This project demonstrates the power of convolutional neural networks (CNNs) for recognizing handwritten digits. The user interface is built using the Streamlit framework, which provides an interactive and user-friendly experience. The application is hosted on two platforms for easy access:
- Streamlit Deployment - fast launch time
- Google Cloud Platform (GCP) using Container Registry and Cloud Run - longer launch time
Name: Demo_Projects_CNN_digits_recognition_Benbhk
Description: A handwriting digits recognition app that uses a CNN to identify numbers drawn by users.

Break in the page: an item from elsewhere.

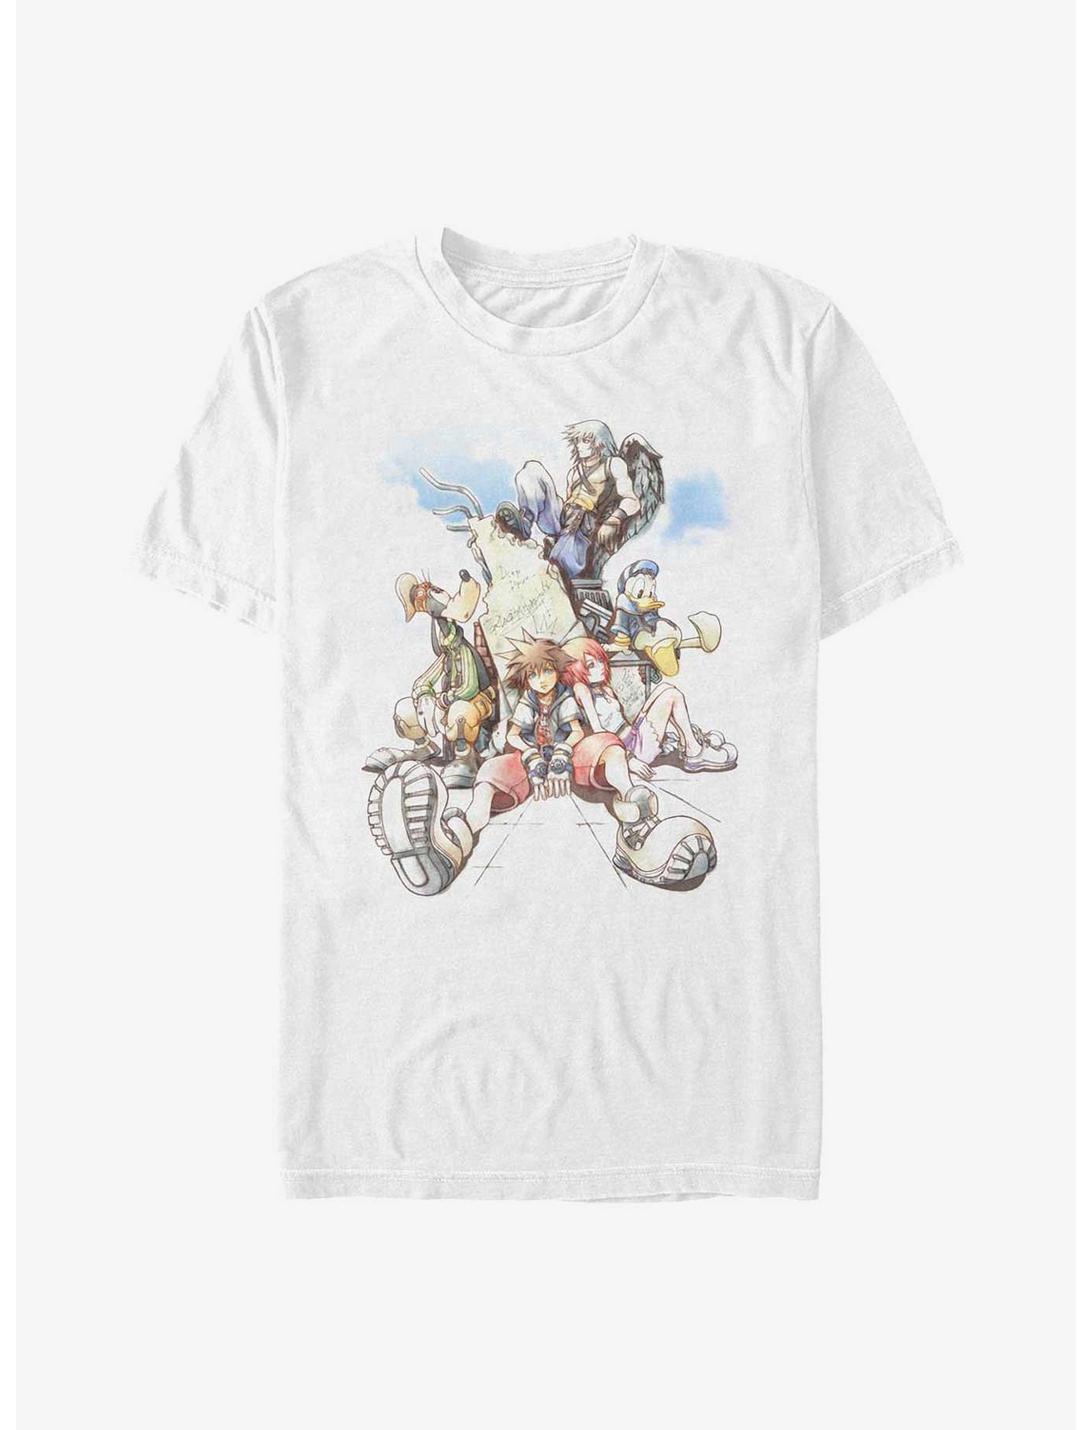 Extra Soft Disney Kingdom Hearts Group In The Clouds T-Shirt, WHITE, hi-res

Streamlit application: https://benjaminb-demo-project-cnn-digits-recognition-benbhkapp-ui0wyj.streamlit.app/
GCP application: Down for the moment
Data Source: Modified National Institute of Standards and Technology database (MNIST) - a large database of handwritten figures
Personal page: https://inky-distance-393.notion.site/f8a4416f9dc64d9ab8c677a5a32ab03d
- Interactive user interface for drawing digits
- Real-time prediction using a trained CNN model
- Displays the confidence of the prediction for each digit
- Responsive design for a seamless experience on various devices
- Python
- TensorFlow for training and using the CNN model
- Streamlit for creating the user interface
- Google Cloud Platform for hosting the application
- Heroku for hosting the application
To run the project locally, follow these steps:
- Clone the repository:
git clone https://github.com/Benjaminbhk/Demo_Project_CNN_digits_recognition_Benbhk.git
- Create a virtual environment and install the required dependencies:
python -m venv venv source venv/bin/activate pip install -r requirements.txt
- Run the Streamlit app:
streamlit run Demo_Project_CNN_digits_recognition_Benbhk/app.py
- Open a web browser and navigate to the local URL displayed in the terminal.
Feel free to contribute to this project by submitting issues, pull requests, or providing feedback on the application. Your contributions are welcome and appreciated!